Looks like we won’t be leaving our pale blue dot anytime soon.
After decades of rigorous investigation into surface conditions on Mars, NASA released a report today concluding that the planet appears to be nothing more than a barren desert rock with nary a snickerdoodle or kettle cooked chip in sight. The report collates data from dozens of Martian orbital probes, stationary landers, and surface rovers, finding zero evidence of scrumptious peppermint patties or delectable fruit gushers and throwing cold water on the idea that humans might one day settle the nearby planet to fill our greedy little mouths with goodies. Particular emphasis is given to walking back a high-profile 2004 paper that suggested the presence of mouthwatering Skittles at Mars’ Meridiani Planum, with new analysis finding them to simply be unpalatable formations of the mineral hematite instead.

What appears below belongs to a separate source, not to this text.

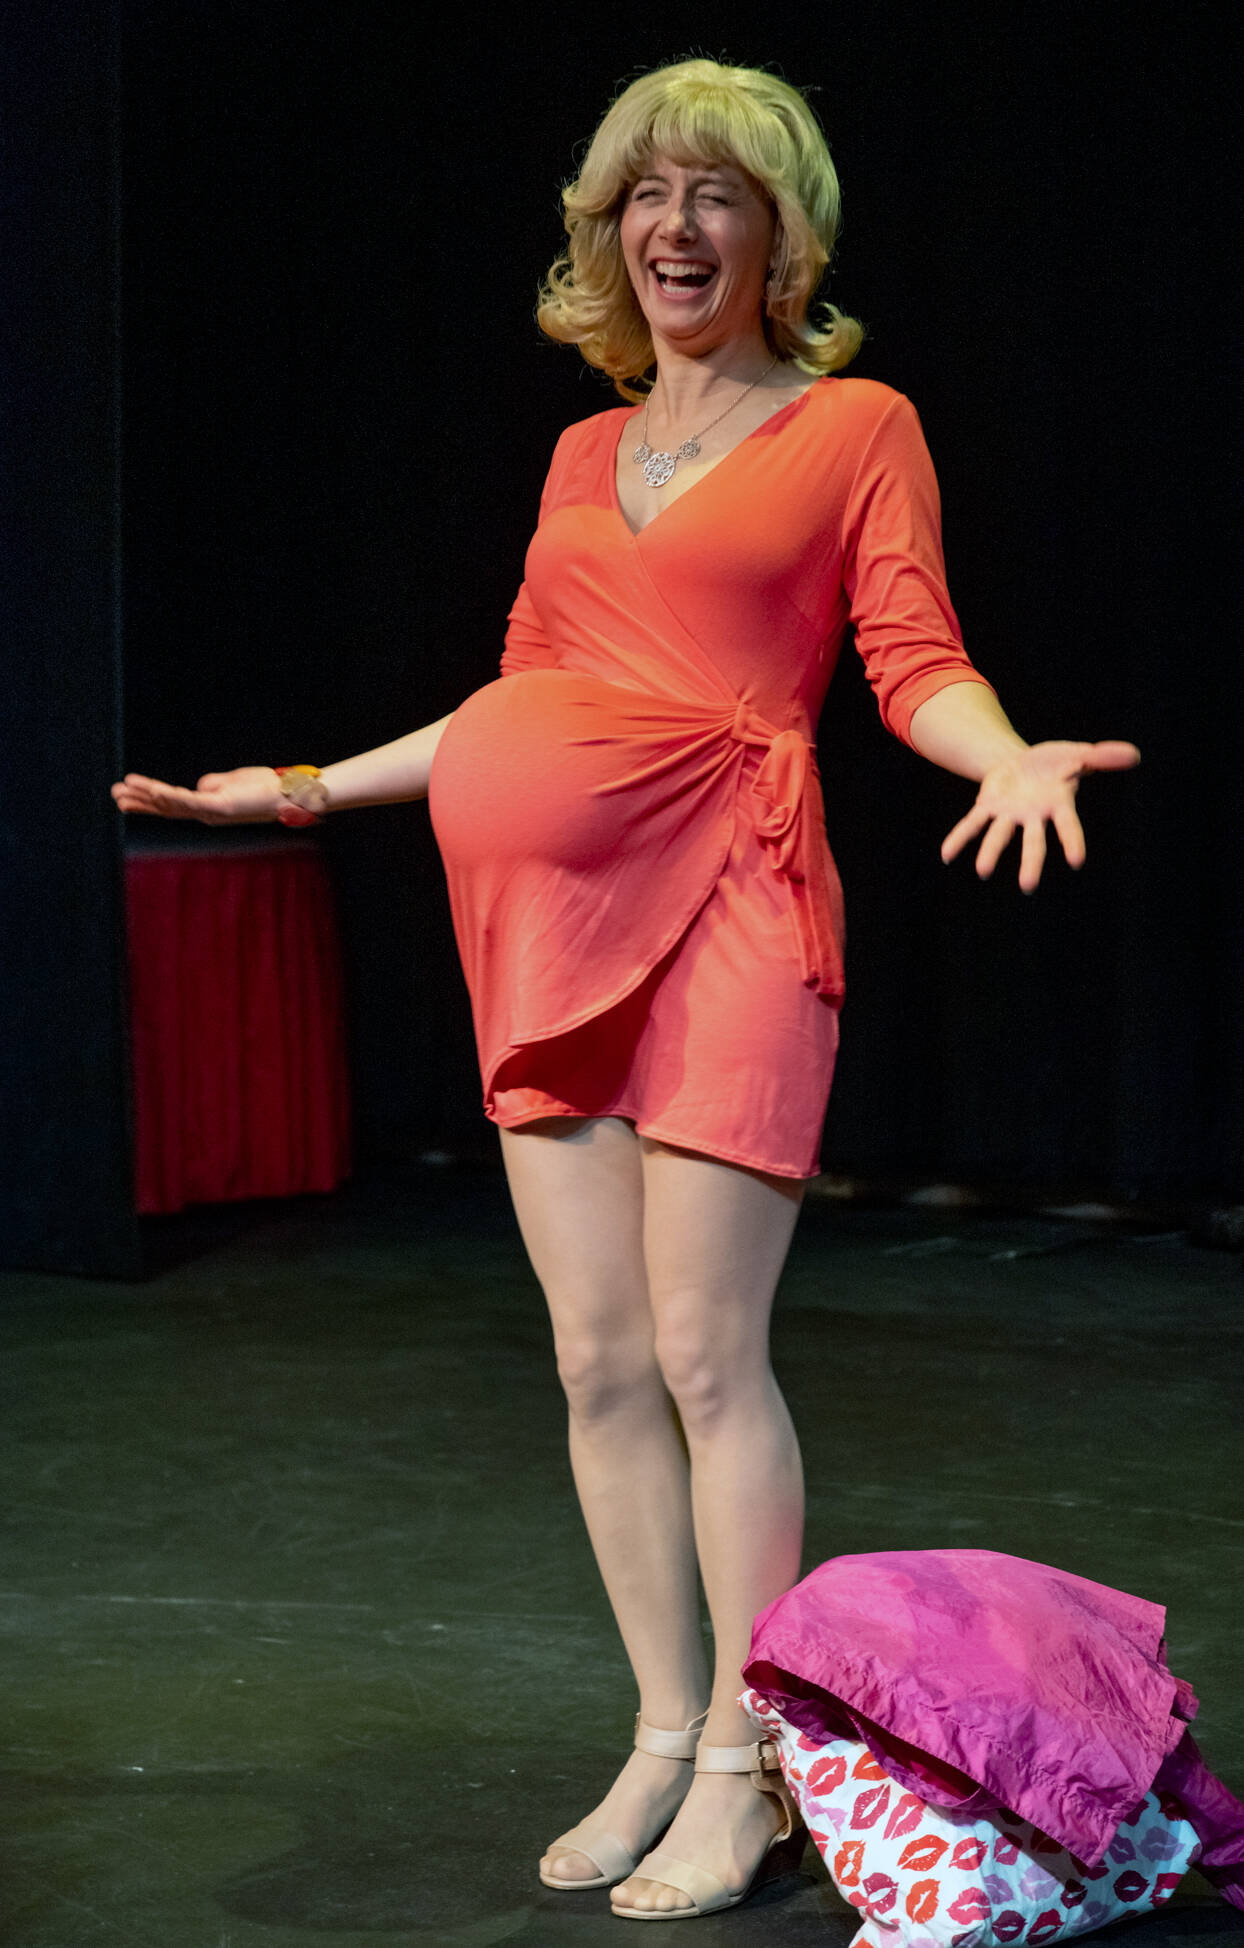 Mindy Gelder shares a laugh as she tests a balloon in skirt for a flashback scene at the bingo hall in a rehearsal for Bingo A Winning Musical at Olympic Theatre Arts in Sequim. Sequim Gazette photo by Emily Matthiessen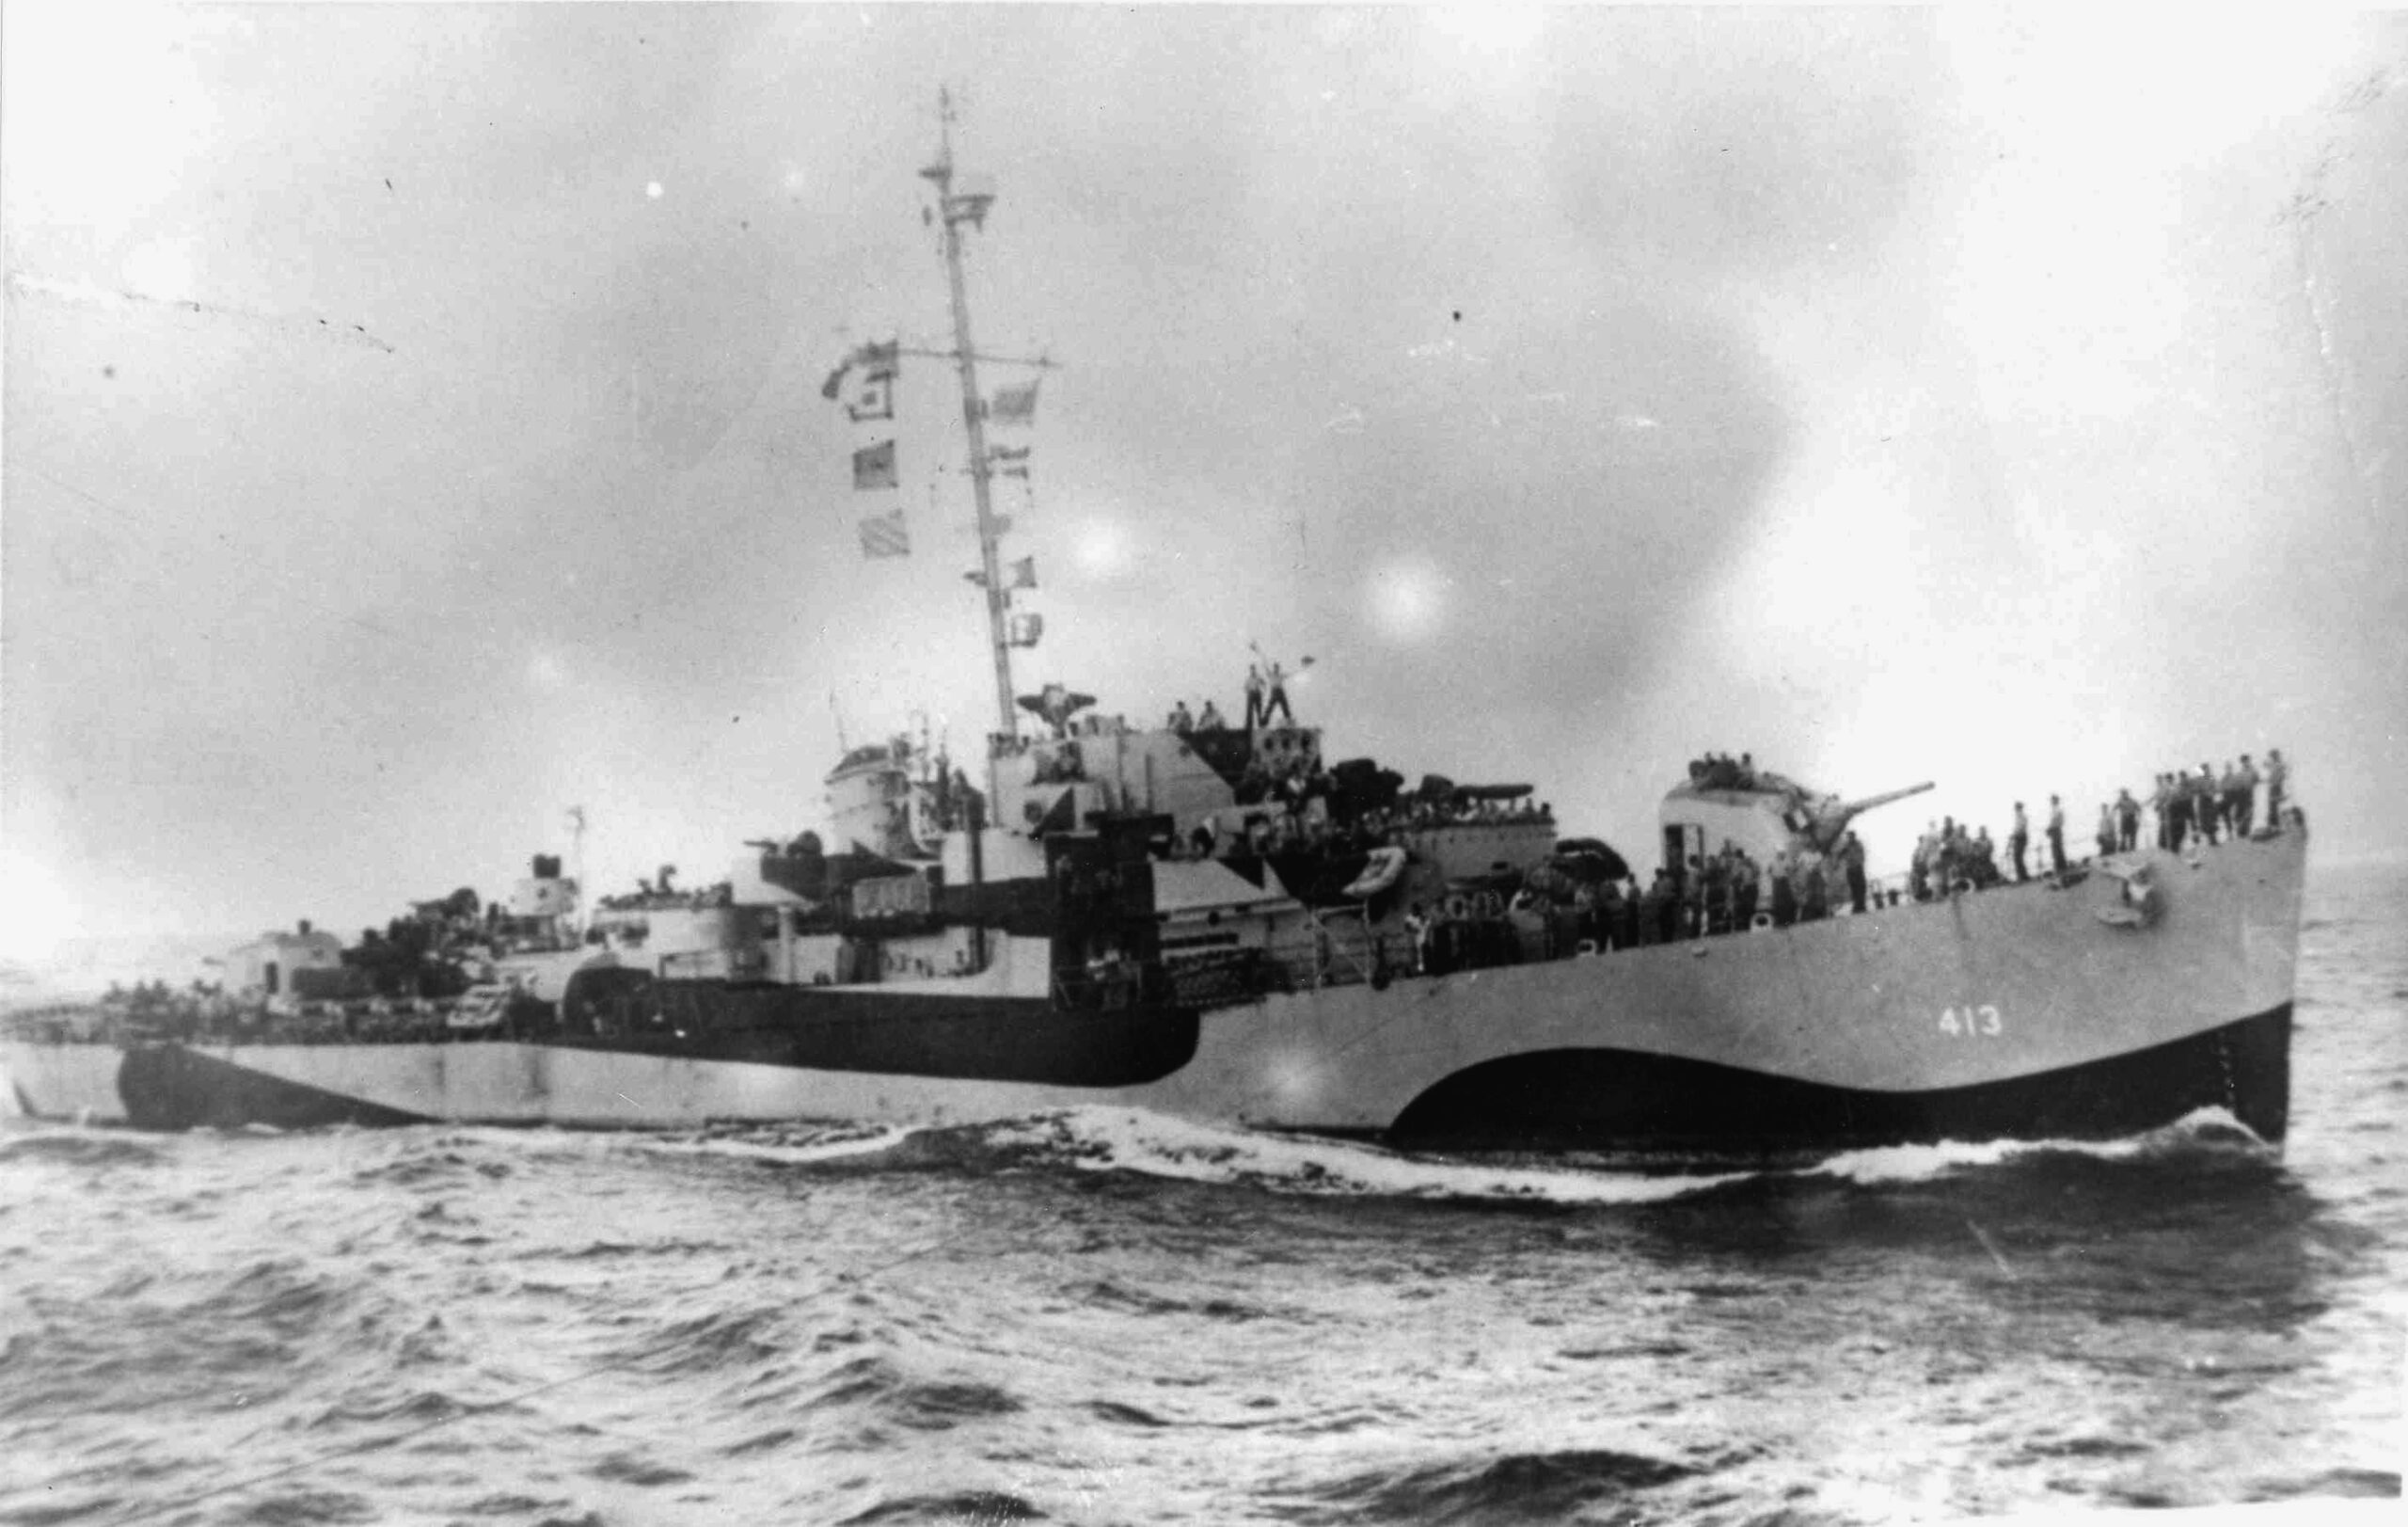 The destroyer escort USS Samuel B. Roberts took part in the epic struggle that came to be known as the Battle of Leyte Gulf. This photograph was taken in October 1944, a week before she was sunk in the Battle off Samar.

The findings paint a clear picture that, despite initial optimism, Mars appears to be uniquely inhospitable to the formation of treats: Sedimentary analysis shows the soil lacks critical precursor ingredients necessary to create complex treats like loaded nachos or cinnamon twist donuts, and even comparatively simple treats such as brownies were absent from orbital surveys, as were nice big glasses of milk to wash them down. Multiple drilling probes failed to discover subsurface pockets of Flamin’ Hot Cheetos, while harsh sunlight quickly melted samples of laminated dough carried by one of the rovers to assess the potential existence of flaky Danish pastries. And even if later missions were to eventually find significant deposits of naturally occuring chocolate, Martian surface temperatures almost never fall in the range for cocoa butter to form the type V crystals necessary for well-tempered chocolate with a glossy appearance and a pleasingly firm snap.
Guess Mars is just a desolate, treatless hellscape after all.
“The possibility remains that Mars may have once harbored rudimentary treats like Oreos or Cheez-Its far in the distant past, but they would certainly be too stale and tough to satisfy anyone’s cravings by now,” said Dr. Helen Vanderberg, one of NASA’s leading experts on treats. “Based on these findings, we’re going to shift most of our focus off Mars to see instead if the subterranean oceans of Enceladus might indicate the presence of delicious saltwater taffy. Still, while many may find these results disappointing, I think it makes you appreciate just what an astronomical jackpot it is that Earth has treats in such exceptional abundance.”